# Boxing day sales?



## Chrisphungg (Oct 8, 2012)

Does anyone know of any boxing day sales on any fish stores? I'm looking to buy a tank from a store and was wondering if any pet stores you know may be holding boxing day sales.


----------



## hp10BII (Apr 23, 2010)

Most of the sponsors on the forum should have boxing day/days/weeks. Most will announce that there will be a sale, but pricing discounts aren't posted until the sale starts. You may find that sales on tanks, other than your betta bowls and specialty tanks are scarce...there's not much margin on tanks. Best one I remembered when Big Al's store front was still here were Perfecto 75 gallon tanks on sale for something like $69, but that's like 7 years ago or so.


----------



## sunshine_1965 (Aug 16, 2011)

I believe IPU has one every year.

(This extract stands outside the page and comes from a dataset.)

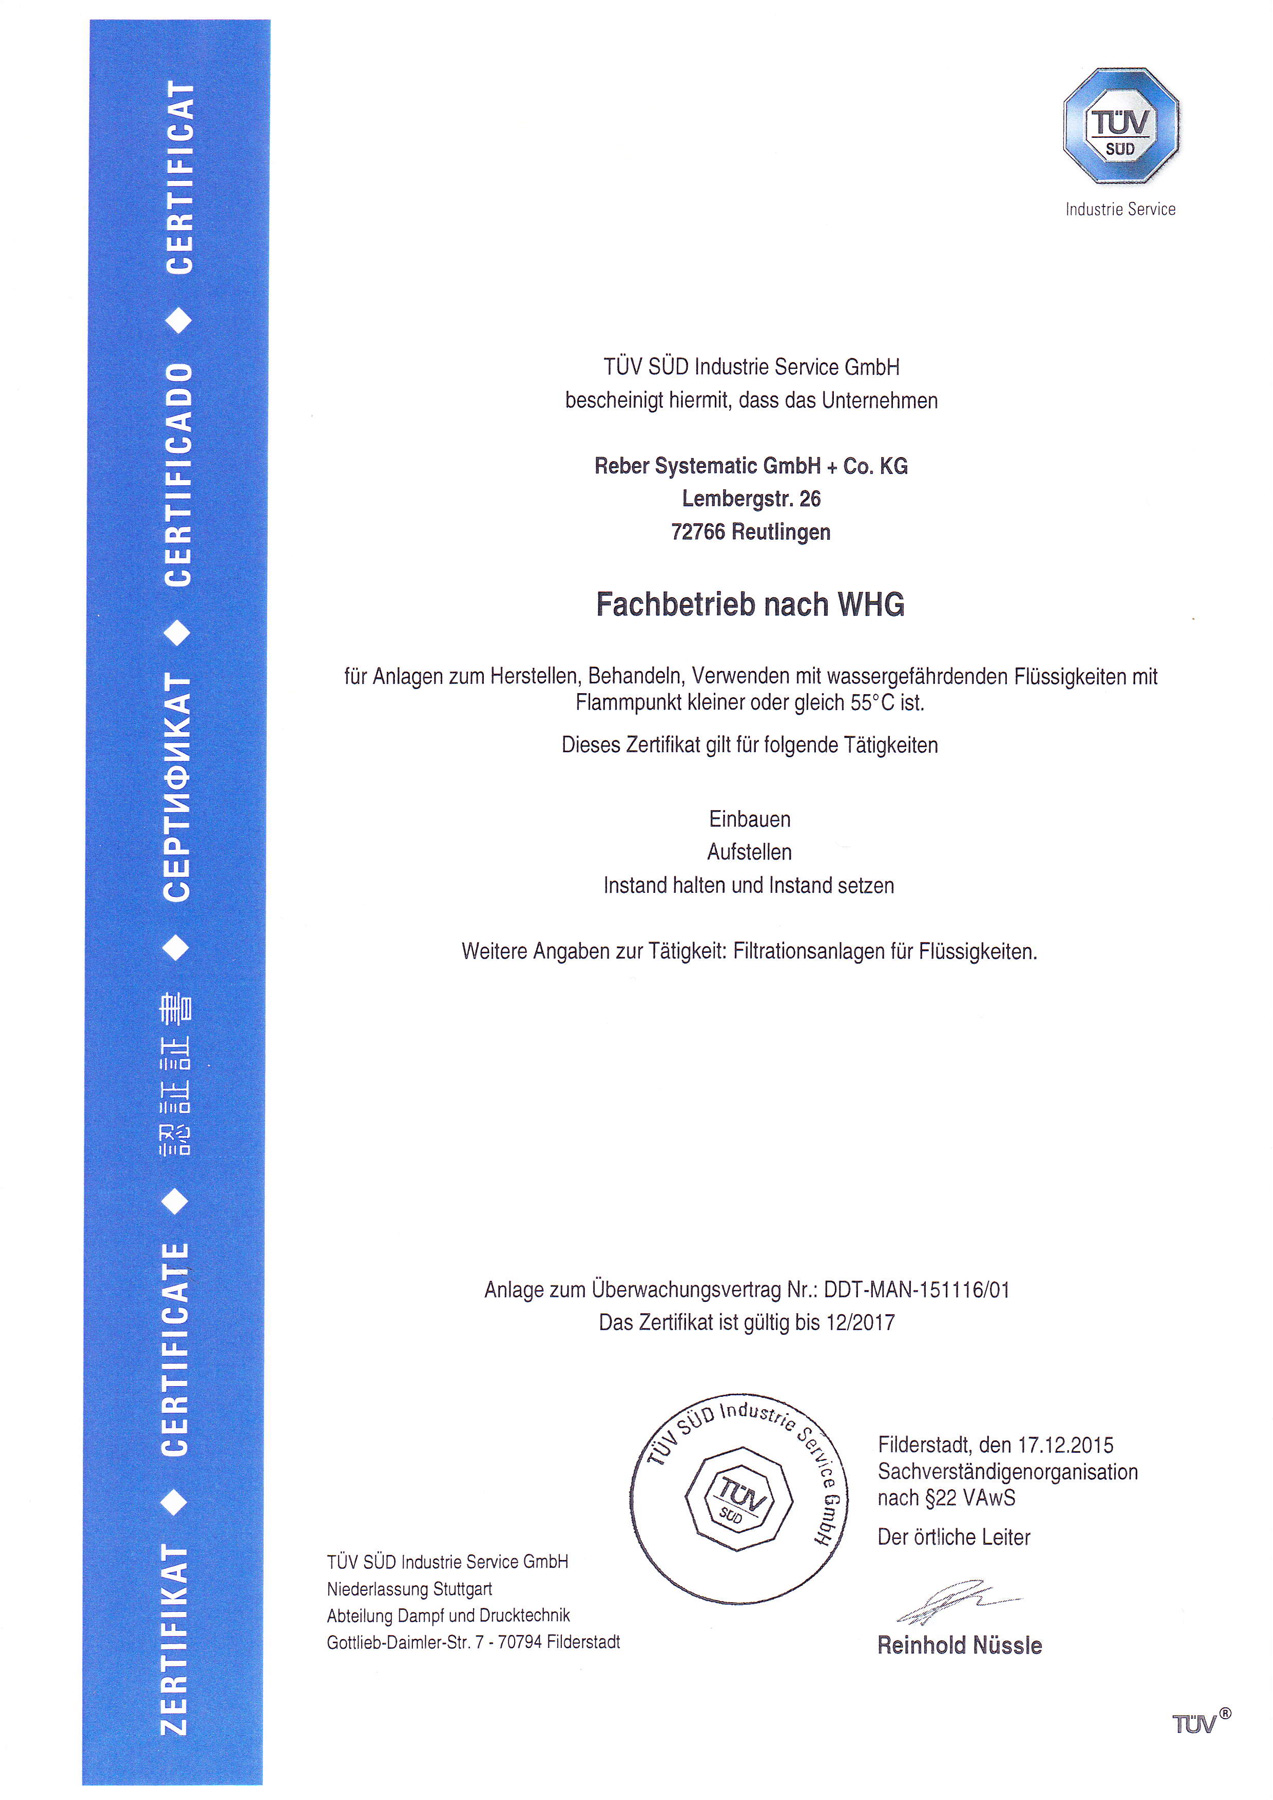 awards certificate - Ideal.vistalist.co

They have 2 locations 1 in Burnaby and 1 in Richmond.


----------



## CRS Fan (Apr 21, 2010)

I usually make it out to J&L's on Boxing Day as they are the easiest for me to access on that day.

Best Regards,

Stuart


----------



## monkE (Aug 4, 2010)

ipu did have a week long sale last year... under new ownership now so who knows


----------



## Wretch (Oct 6, 2012)

In the market for a tank and some other equipment for my new saltwater setup. I noticed JL has posted online they have a sale on the 26th 8am to 5pm in store and online. Does king Ed usually have a sale?


----------



## jkhcjris (Jun 1, 2010)

King Ed usually has a week or longer Boxing day sale.


----------



## guppygeorge (Sep 6, 2010)

jkhcjris said:


> King Ed usually has a week or longer Boxing day sale.


Yep.....I'd definately check out King Ed. They always have good sales Boxing week


----------